- Born: Makkah, Saudi Arabia
- Occupation: Physicist

= Ibtesam Badhrees =

Saudi Arabian research physicist

Ibtesam Saeed Badhrees is a research scientist in experimental particle physics at King Abdulaziz City for Science and Technology (KACST) and a Distinguished Fellow of New Westminster College.

Badhrees is the first Saudi woman member of CERN. In addition, she is the first Saudi female PhD holder to work in the National Center for Mathematics and Physics in King Abdulaziz City for Science and Technology. Her research areas are in Experimental Elementary Particle Physics, Astrophysics, Medical Physics and Nuclear Physics. In addition, Badhrees acts as an adjunct professor at Carleton University in Canada

==Biography==
Badhrees was born and brought up in Jeddah, Saudi Arabia. She graduated with a Bachelor of Science in Physics from King Abdulaziz University in 1990 and then earned a Master of Science in Applied Physics/Laser from Fairleigh Dickinson University in 1997. She finished her PhD in Particle Physics from University of Bern in 2011. She also holds a PhD in International Relations from the Geneva School of Diplomacy and International Relations. She was the recipient of the Saudi Cultural Mission academic excellence award in 1996, 1997, 2007 and was named the "Woman Physicist of the Month" for August 2014 by the American Physical Society She speaks Arabic, English and French.

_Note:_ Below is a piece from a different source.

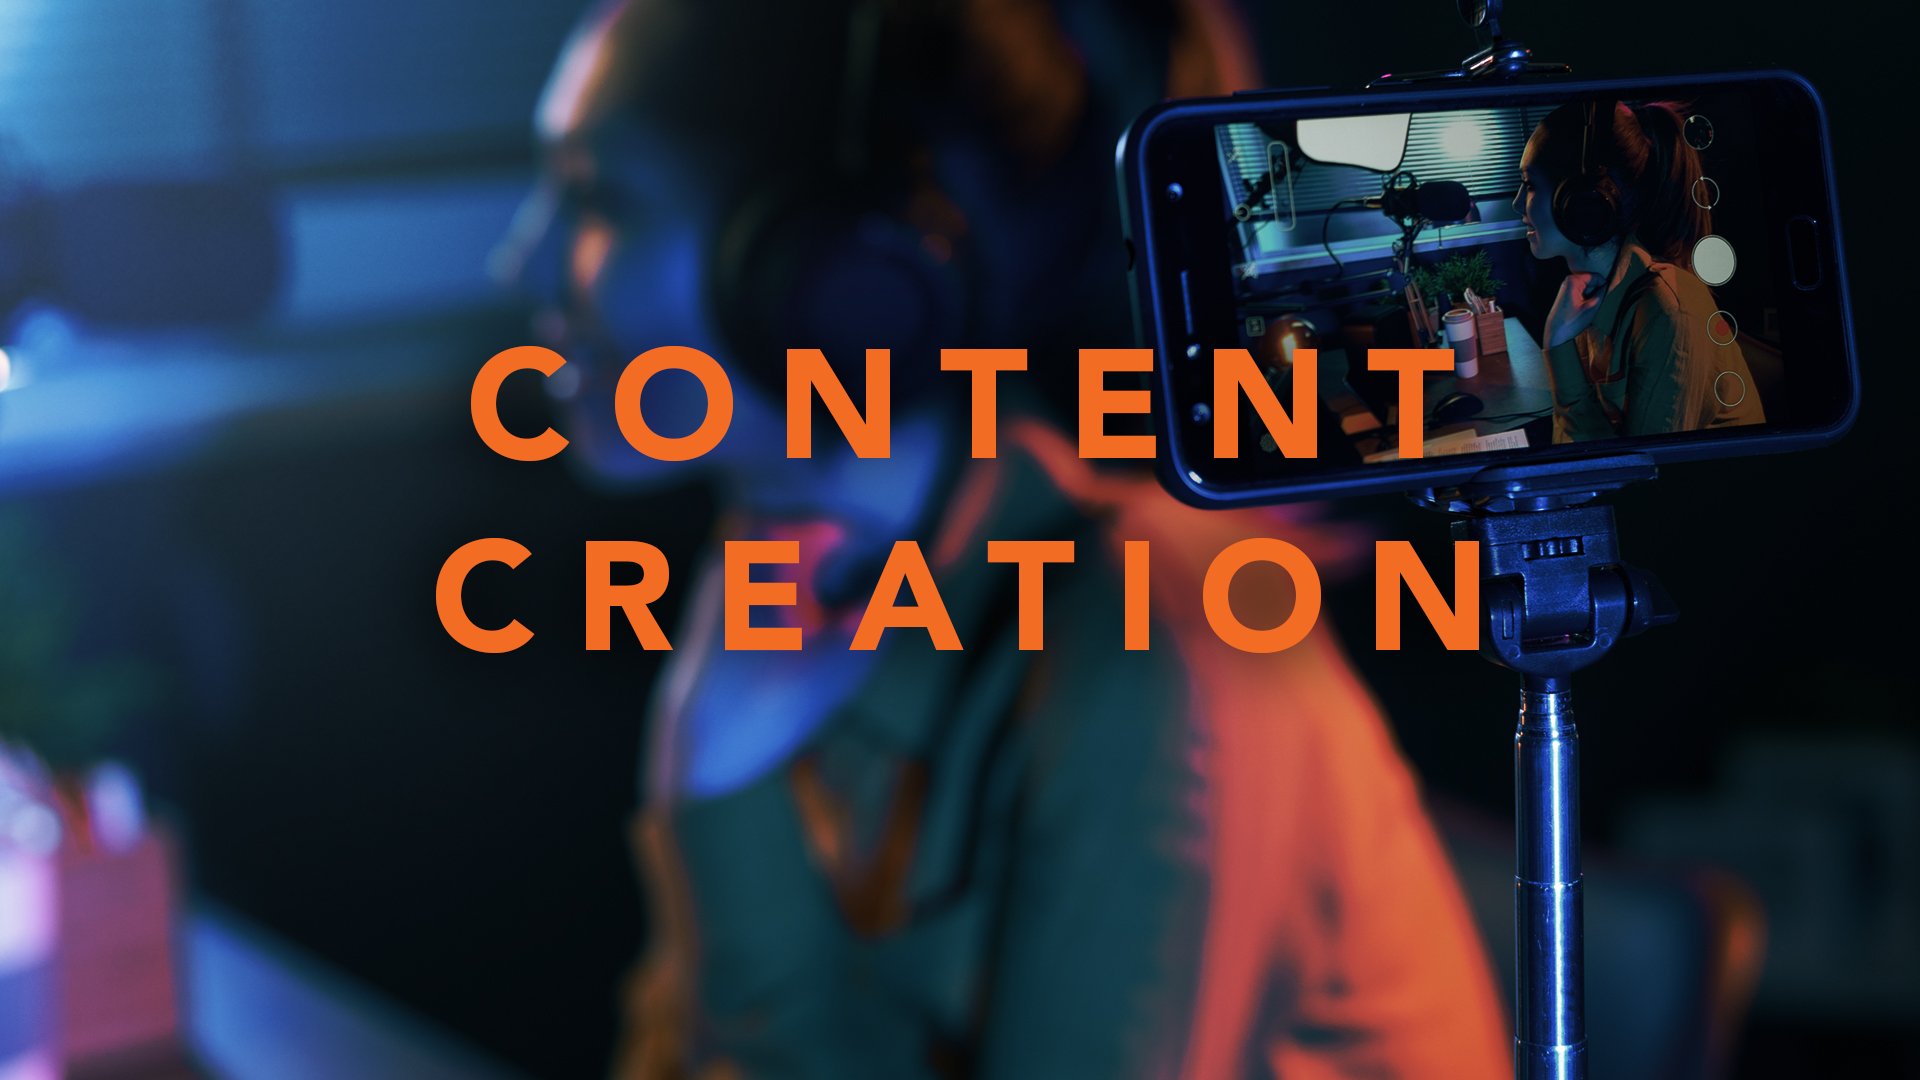 Content Creation <p>The use of social media is an elemental part of today's networked world. With our help, you can create content as short videos, pictures, or similar forms.</p>
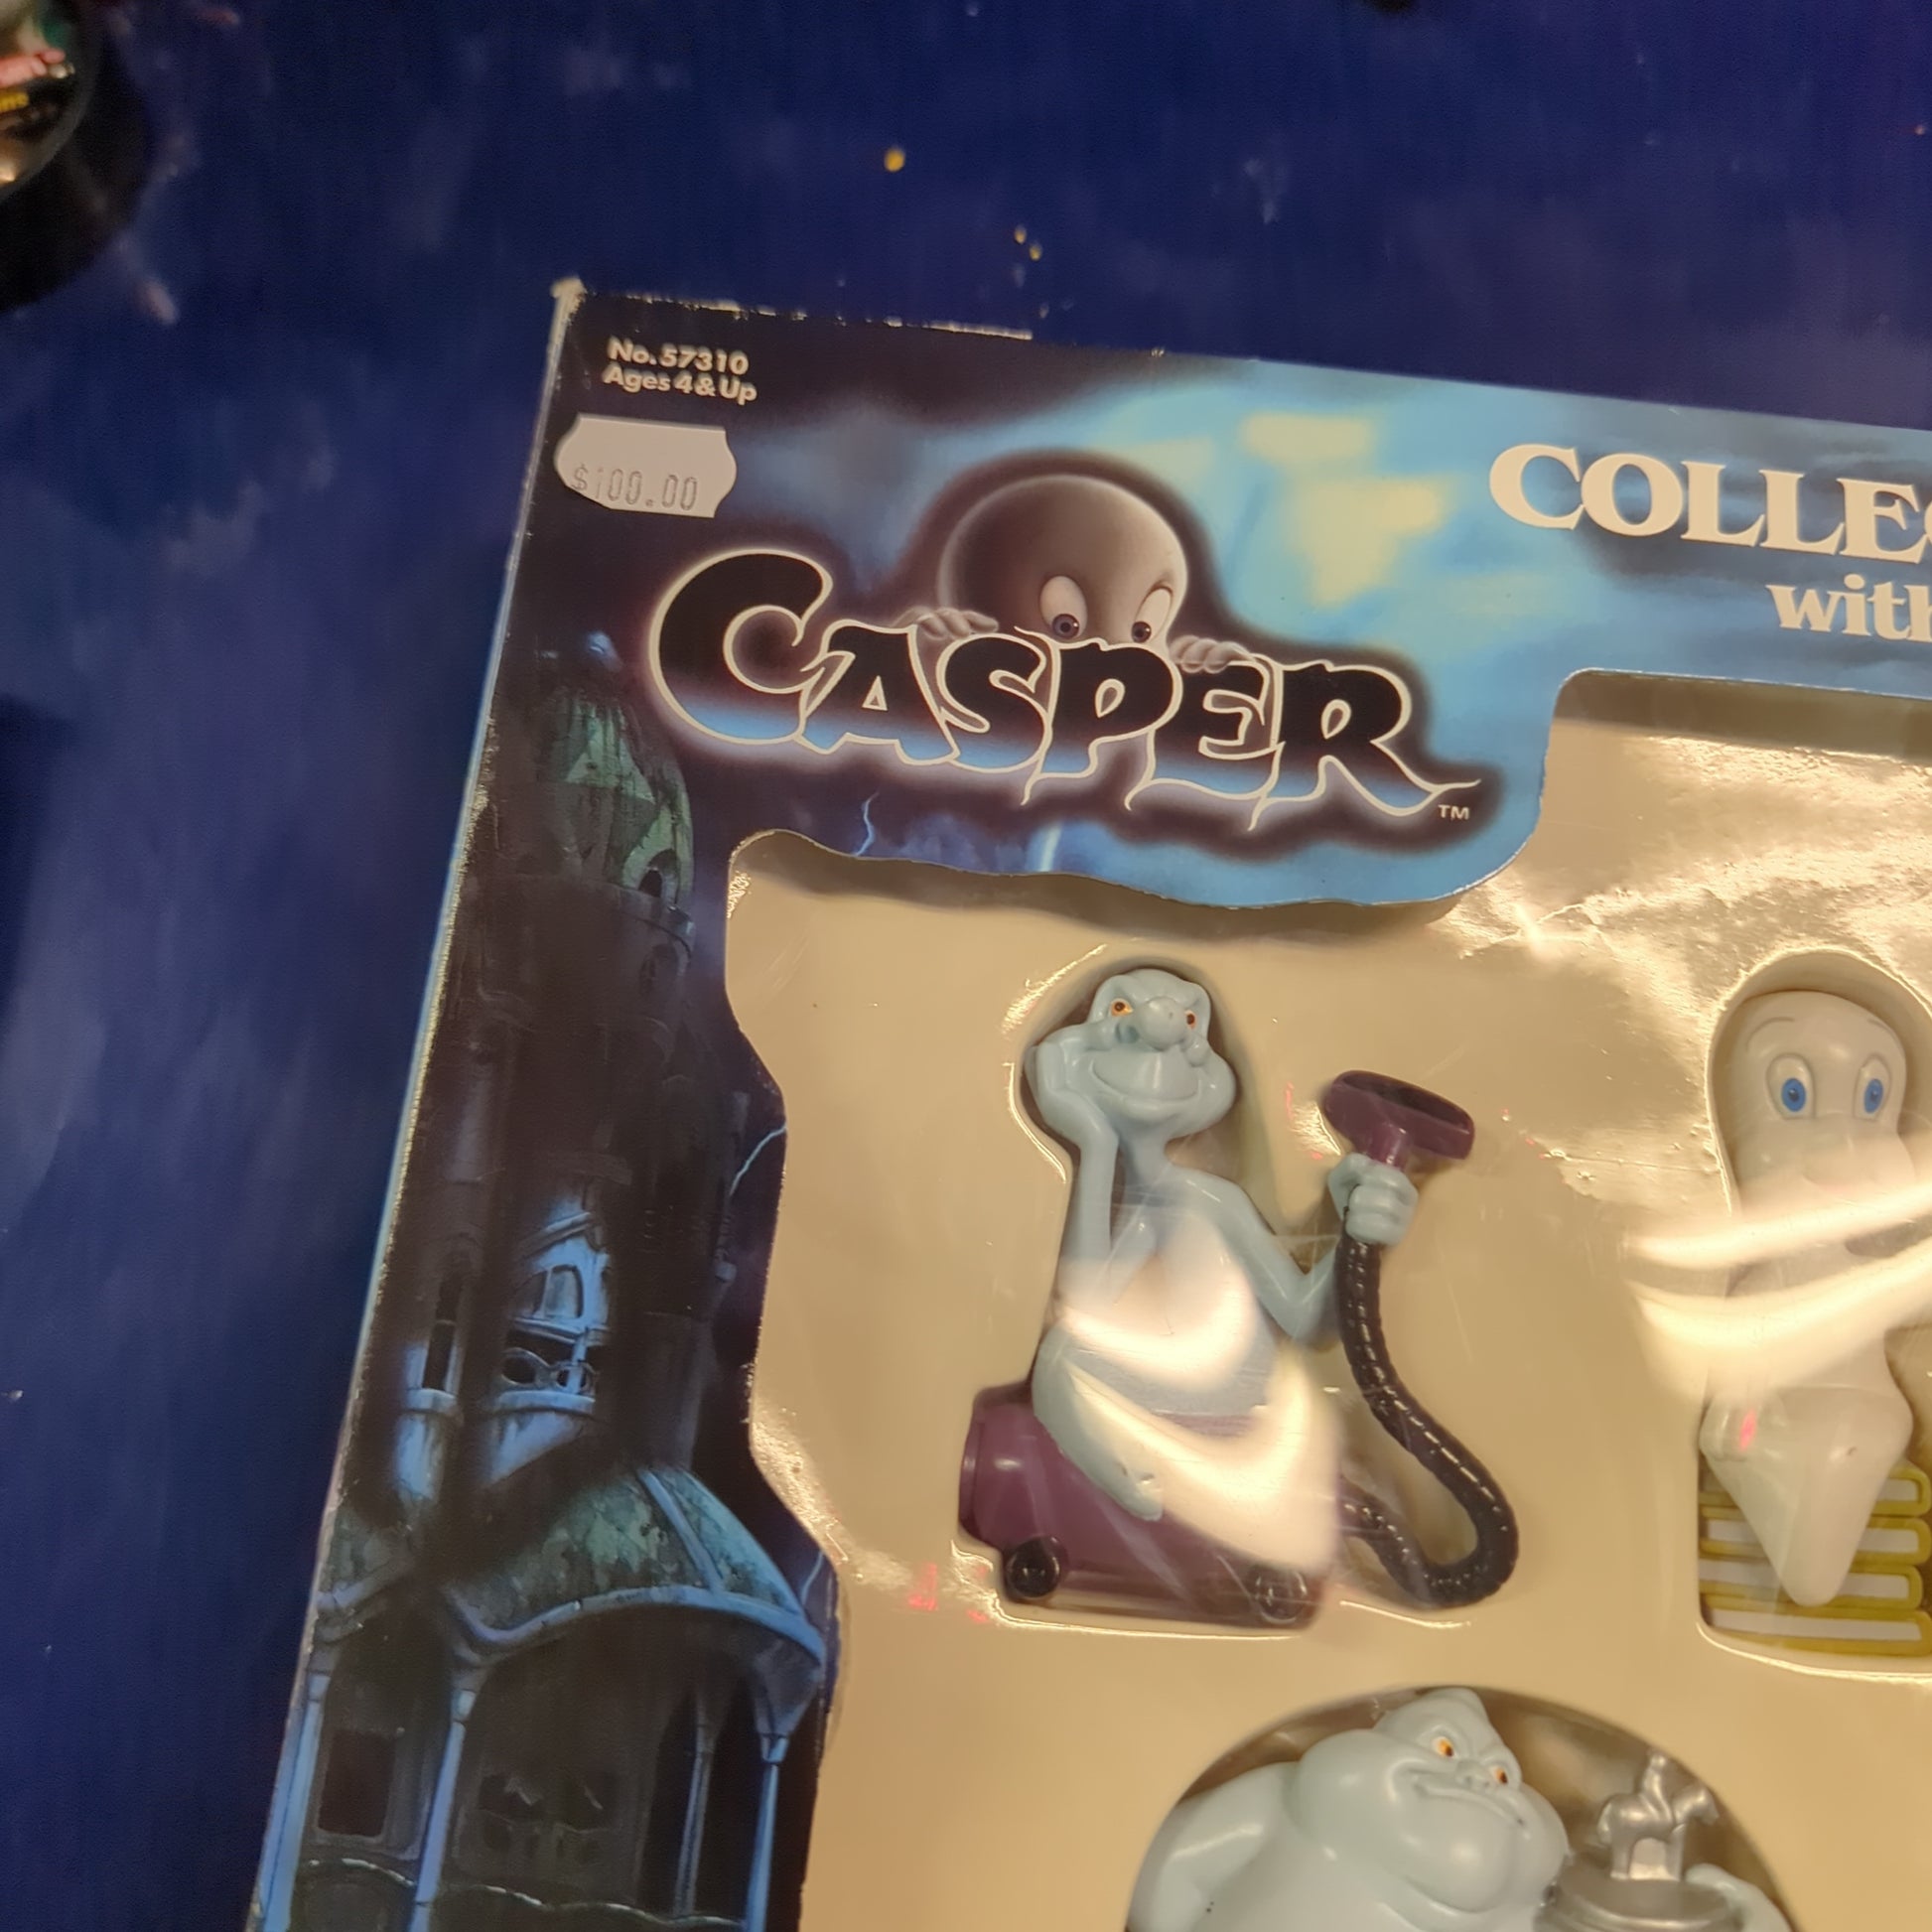 Vintage Casper Collectable Figures with Whipstaff Manor  1995 TYCO FRENLY BRICKS - Open 7 Days

==Awards and recognition==
- Saudi Arabian Cultural Mission Academic Excellence Award, United States, 1996–1997.
- Saudi Arabian Cultural Mission Academic Excellence Award, Europe, 2007.
- CERN, as the first Saudi woman join the organization as a user researcher.
- "CERN opens its doors to its first collaborators from Saudi Arabia" (2007)
- Alsharaq Alawsat Journal, 2008.
- Saiduty Magazine, 2008.
- MBC, Saudi Arabia, Egypt, 2008.
- MBC, Saudi Arabia, Lebanon, 2009.
- Madame Figaro, 2009.
- Laha Magazine, As one of distinctive women in Saudi Arabia, 2013.